The title 'Buffoon of the Bill' clearly goes to the triple-chined-yet-only-35-yrs-old Nicholas Hawkins, Tory member for Blackpool South. Hawkins, so it appeared, would read anything rather than follow the debate - the House Magazine, the Evening Standard (several times) and even a new-age magazine he had ridiculed earlier. Every now and again he would rise with sudden purpose and verbally lick his ministers bottom in the name of a good CV and then turn back to page one of the Standard to start again. "Here, Here, Here" he would gobble every so often and there must have been more than one member of the gallery that would have liked to have stopped proceedings and ask him exactly what it was that he had said "here here" to. He would undoubtedly have had no idea.
How fitting it was then that unbeknown to Hawkins, in his self-contained little world of career ladders, the ears belonging to a member of the gallery did record him slobbering: "Here, here, here, here - bullshit" in one of the afternoon sessions. Perhaps the one and only time that dear old Nicky, as he likes to be called, has been honest. But then he thought no-one was listening you see.

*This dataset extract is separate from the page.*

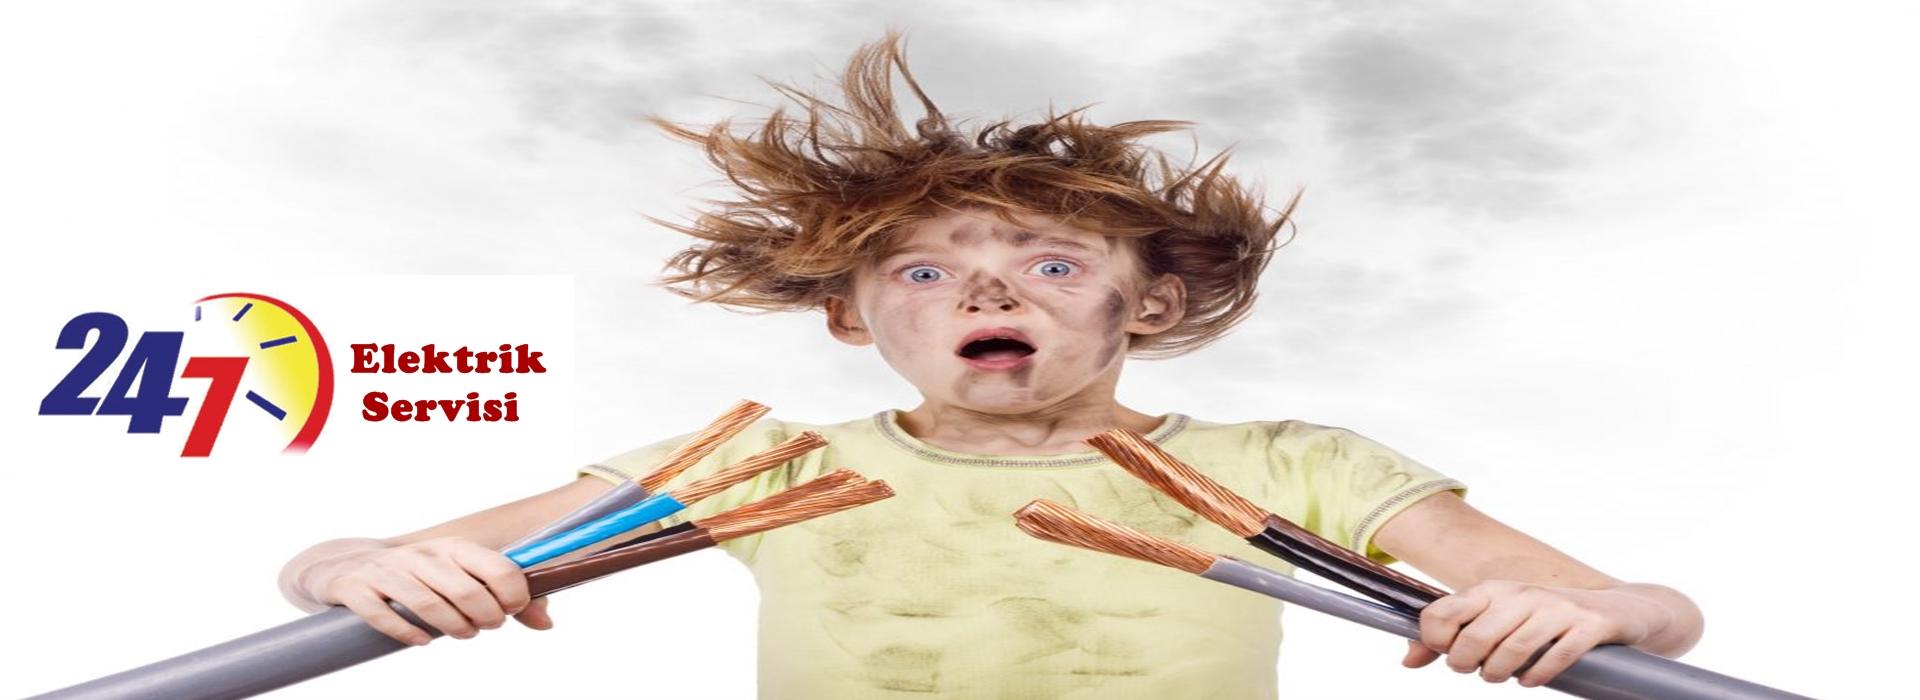 İstoç Elektrikçi

The fact that 9 out of the 16 Tory MPs on the Standing Committee were only elected in the 1992 general election begs one conclusion. What the Government wants from its representatives is not considered debate but a foaming defence of Tory ideals. And, with the expellation of much, largely unchallenged parochial hot air, the Bill sped towards completion, driven by promotion prospects.
"When does a rave become a ceiladh?" asked Norman Godman (Labour Committee member).
"When it’s music that involves any kind of loud speaker," came the field marshal's reply. The Bill itself defines music as inclusive of a series of repetitive beats. Did anyone then note the irony when at this moment, outside room 11, a car alarm went off sending its repetitive whines off to initiate a few migraines? The answer of course is no, neatly drowned as it was by the repetitive bleats of the wannabe government MPs.
"The Government have no quarrel with the nomadic way of life,” claimed David MacLean in the Standing Committee and Neil Gerrard (Lab MP -Walthamstow) was "glad" to hear it "Does the minister then dissociate himself from a leaflet used by the Hon. Member for Hereford and Stortford (Bowen Wells) during the last election, entitled 'Conservatives Against Gypsys?" asked Gerrard.
”I do not associate or dissociate myself with or from anything that I have not read," retorted field marshal MacLean. “I'll show it to you,” Gerrard squeezed in before the Chairman ruled the exchange irrelevant to the amendment under consideration.
However, the truth of the Government benches' association with blatantly racist election material was demonstrated at the end of the session when Neil Gerrard crossed the floor to hand MacLean a copy of the leaflet before leaving.
Field marshal MacLean, unaware that anyone was still watching (most people were leaving the committee room), read the leaflet and laughed out loud. He then walked over to a group of four lingering Tory MPs (Nicholas Hawkins, Derek Conway, Peter Butter and Jaques Arnold). In turn, each of them laughed out loud except Arnold, who blew his cheeks in a way that recognised the leaflet might not look too good if it was published.
Printed originally in SQUALL 5, it was decided that a reminder was necessary.